**Records supplied**
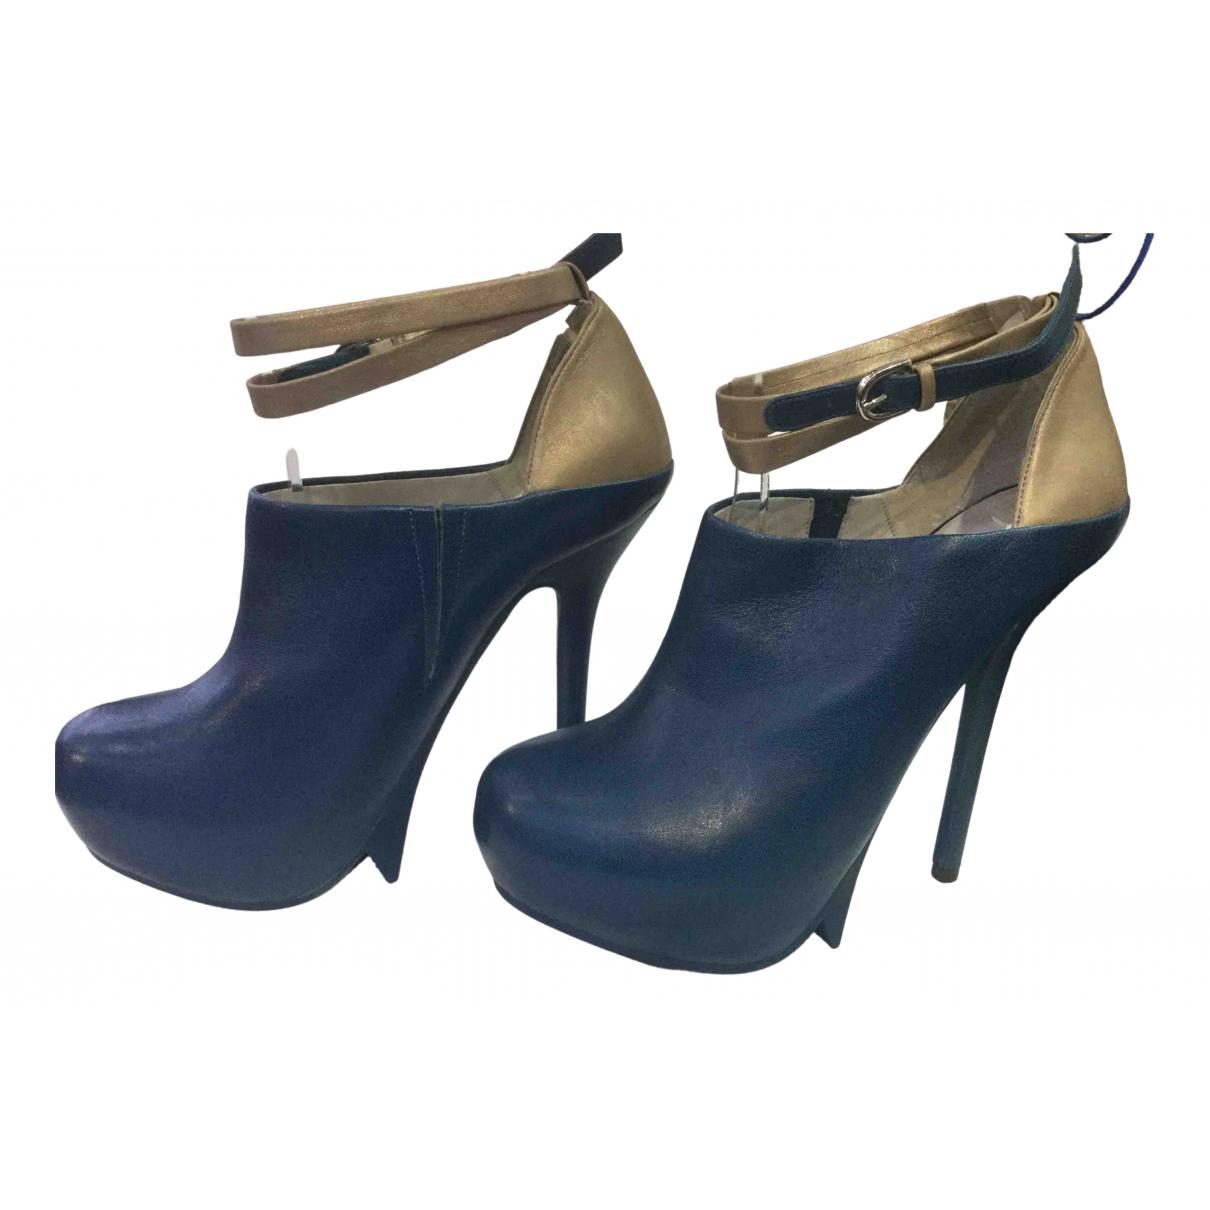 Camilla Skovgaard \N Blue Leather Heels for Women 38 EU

* * *

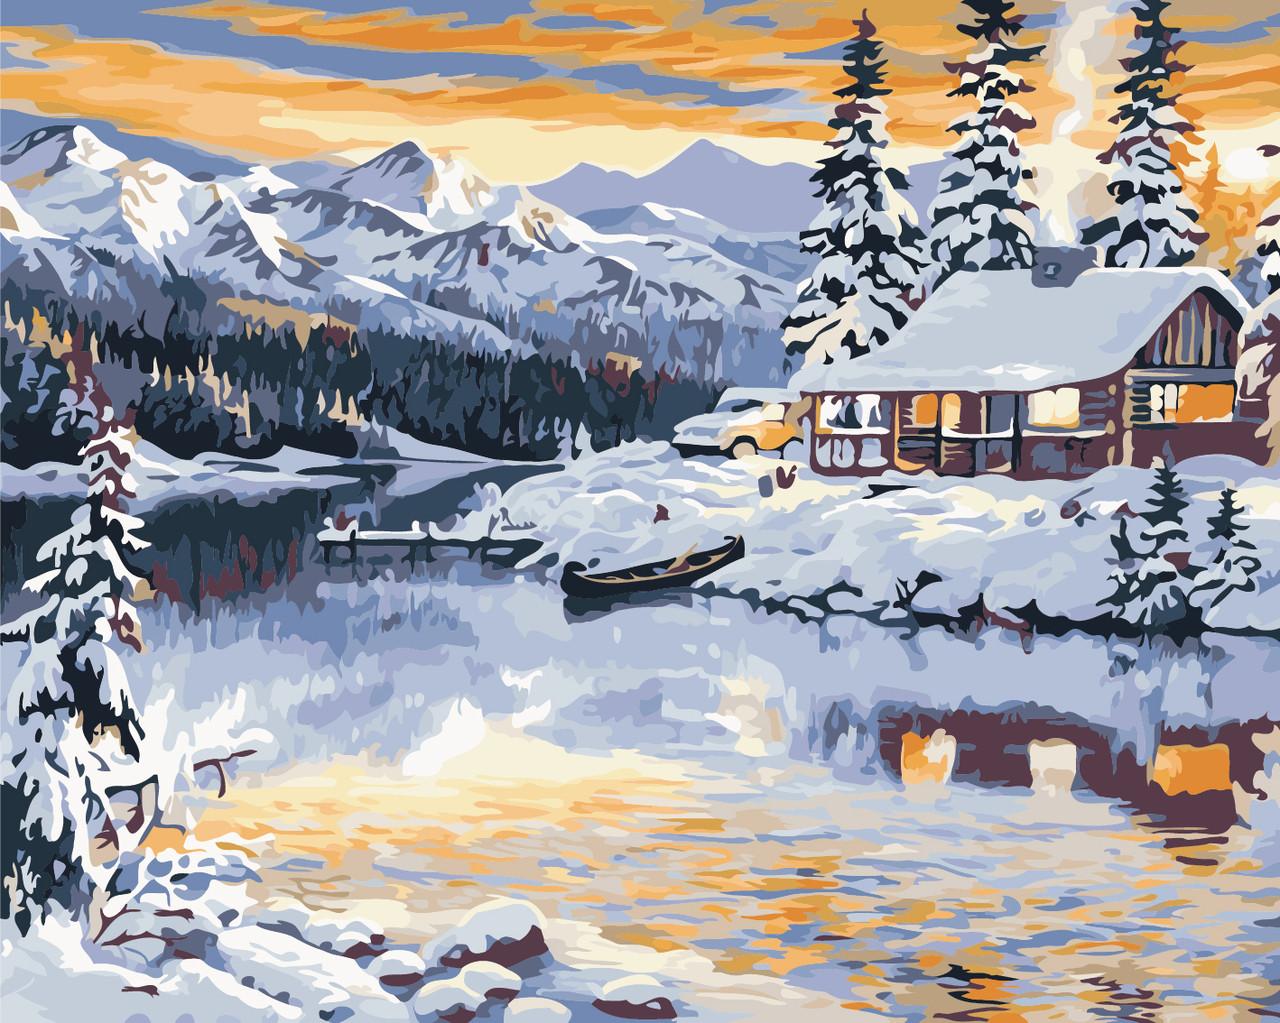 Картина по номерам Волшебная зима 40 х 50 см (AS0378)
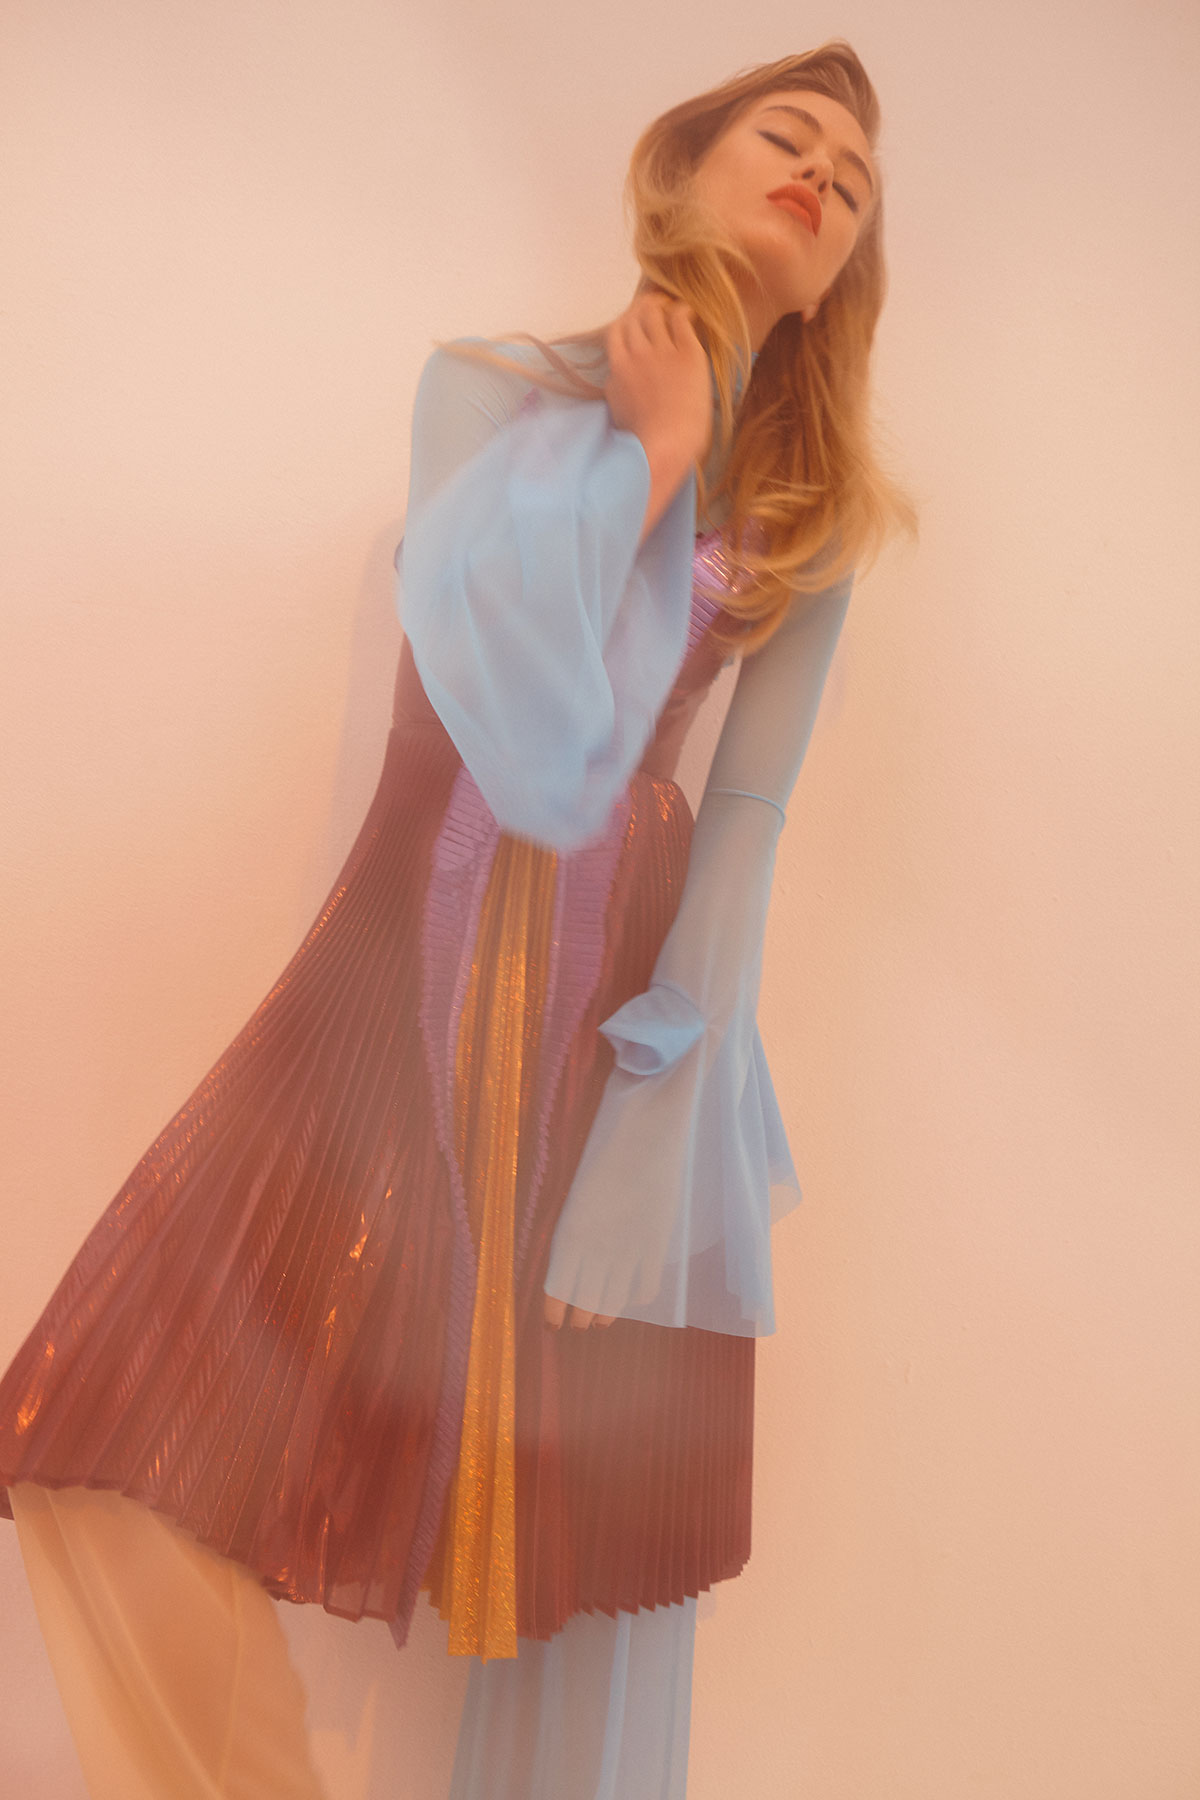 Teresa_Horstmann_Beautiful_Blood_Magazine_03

**Task to complete**
What's needed is an exact copy of the lines above from the one with "Картина по номерам" through the one with "Teresa_Horstmann_Beautiful_Blood_Magazine_03", both included; the pictures stay out.

**Result of this task**
 Картина по номерам Волшебная зима 40 х 50 см (AS0378)
 Teresa_Horstmann_Beautiful_Blood_Magazine_03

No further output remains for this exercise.